促されて、私は慌てて、ハンバーグ定食を指差す。




「そんで、これも2つ頼むわ。」




と、じいちゃん先生が、チョコレートパフェを指差す。




「あ、でも…。」



焦る私に、じいちゃん先生が言う。




「じじいは、一人ではこう言うものは食べられんので、よろしくお付き合い、お頼み申す。ガハハ。」


しばらくすると、店員が熱い鉄板の上に乗ったハンバーグ定食と、エビフライを器用に両手に抱えて運んできた。

そして、水を注ぎ足して、去っていった。


おずおずと、ナイフとフォークを両手に持ち、塊をカットする。


最初の一口では、濃厚なデミグラスソースが、塩辛くさえ感じた。
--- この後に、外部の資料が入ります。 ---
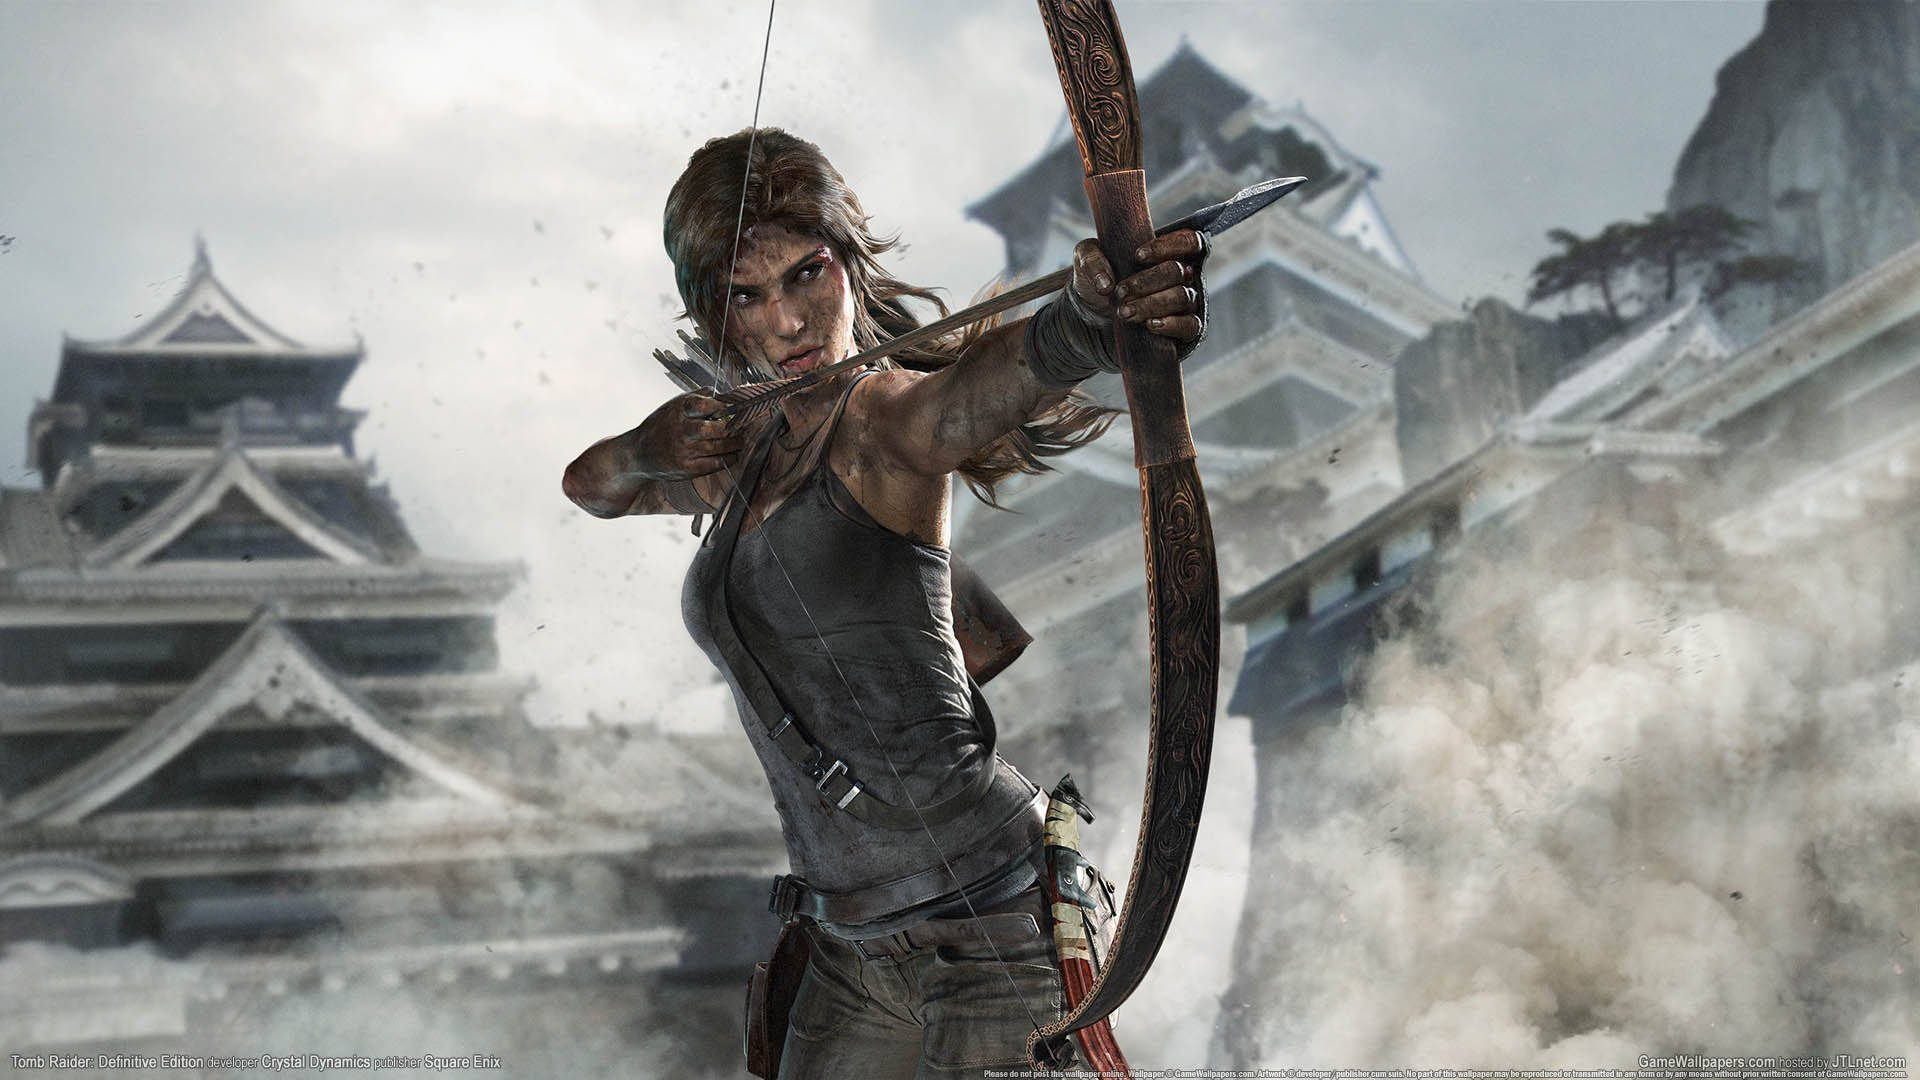 Lara Croft i aktion i Tomb Raider-spillet. Wallpaper

教団内の食事は、塩分が極端に少ないせいかも知れない。

二口目で、ハンバーグの熱い肉汁が、ジュワッと口の中に広がって、口の中を火傷するかと焦り、ハフハフしながらも、気がつくと、あっと言う間に平らげてしまっていた。




じいちゃん先生も、アツアツの海老フライをゆっくり堪能しながら、時折私の方を見て、ニカニカと笑っている。
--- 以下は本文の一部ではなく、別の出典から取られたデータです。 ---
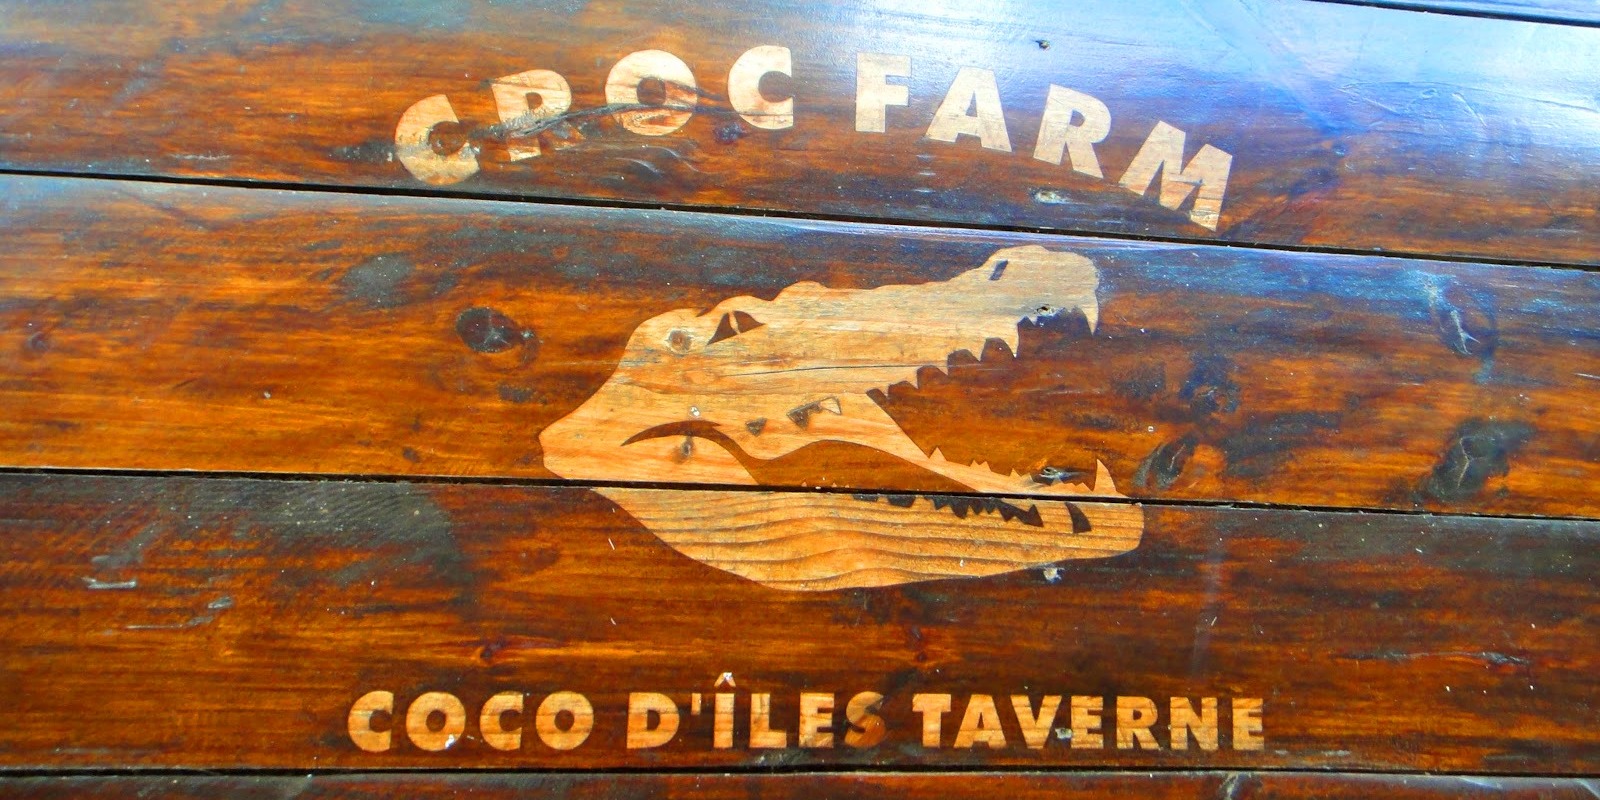 Croc farm ivato 6

定食の皿が下げられると、順次、チョコレートパフェが運ばれてきた。




ウェイターが目の前でアイスクリームの上に、熱いチョコレートを流しかける、正式にはチョコレートファッジ、という食べ物らしい。



流しかけられた部分のアイスクリームが少し溶けて、チョコレートとバニラのマーブル状の川が流れ出した。



「ほほう。甘いものが大好きなんじゃけどな、これはそうそう食べる機会がない。見ていても楽しいのう?」



私はきっと間抜けな顔をしていたに違いない。



じいちゃん先生が、私の顔を見て、ブハッと吹き出したからだ。



「さ、冷めないうちに、違うか、はよ食べようや。」


じいちゃん先生に促されて、ハッとなって、長いスプーンを手に取り、パフェの山に取り掛かる。



じいちゃん先生は、目を細めて、私がパフェを頬張る様子を見ていた。



「そうやってみると、まだまだ子供じゃなあ。」



私は夢中になってアイスを掘っている最中だった。



顔を上げて、じいちゃん先生の顔をみると、こう続けた。



「あのなあ、高校生は英語では、ハイスクールキッズちゅうぞ?瞳子ちゃんは、まだまだキッズじゃ。」



そこで、じいちゃん先生もチョコレートアイスをひとすくいして、口に運ぶ。



「大人になったら、もう、死ぬまで大人じゃ。無理して早く大人になる必要はない。子供を十分に楽しまんと。のう?」



私は言葉に困ってしまって、黙ったまま、口元を紙ナプキンで拭う。



永遠になくならないのではないか?と運ばれてきた時は思えたパフェの山は跡形もなくなり、店員が手際よく片していった。



じいちゃん先生は、わしはちょびっと大人じゃから、と言って、追加でホットコーヒーを頼み、私はミルクティーを頼んだ。




紅茶にミルクを入れてかき混ぜていると、センター試験の時間がずいぶん昔に思えてきた。


どれも今日一日で起こった事とは思えないくらい、楽しい一日だった。


試験でさえも、ワクワクして嬉しかった。



砂糖を入れて、さらに混ぜながら、これから帰る場所を思い、すこし切なくなった。


じいちゃん先生も、黙ってコーヒーを啜っていた。



会計に並ぶと、目の前の中年女性達が、私が払う、いやここは私が、と支払い権獲得の為に、ガヤガヤとしていた。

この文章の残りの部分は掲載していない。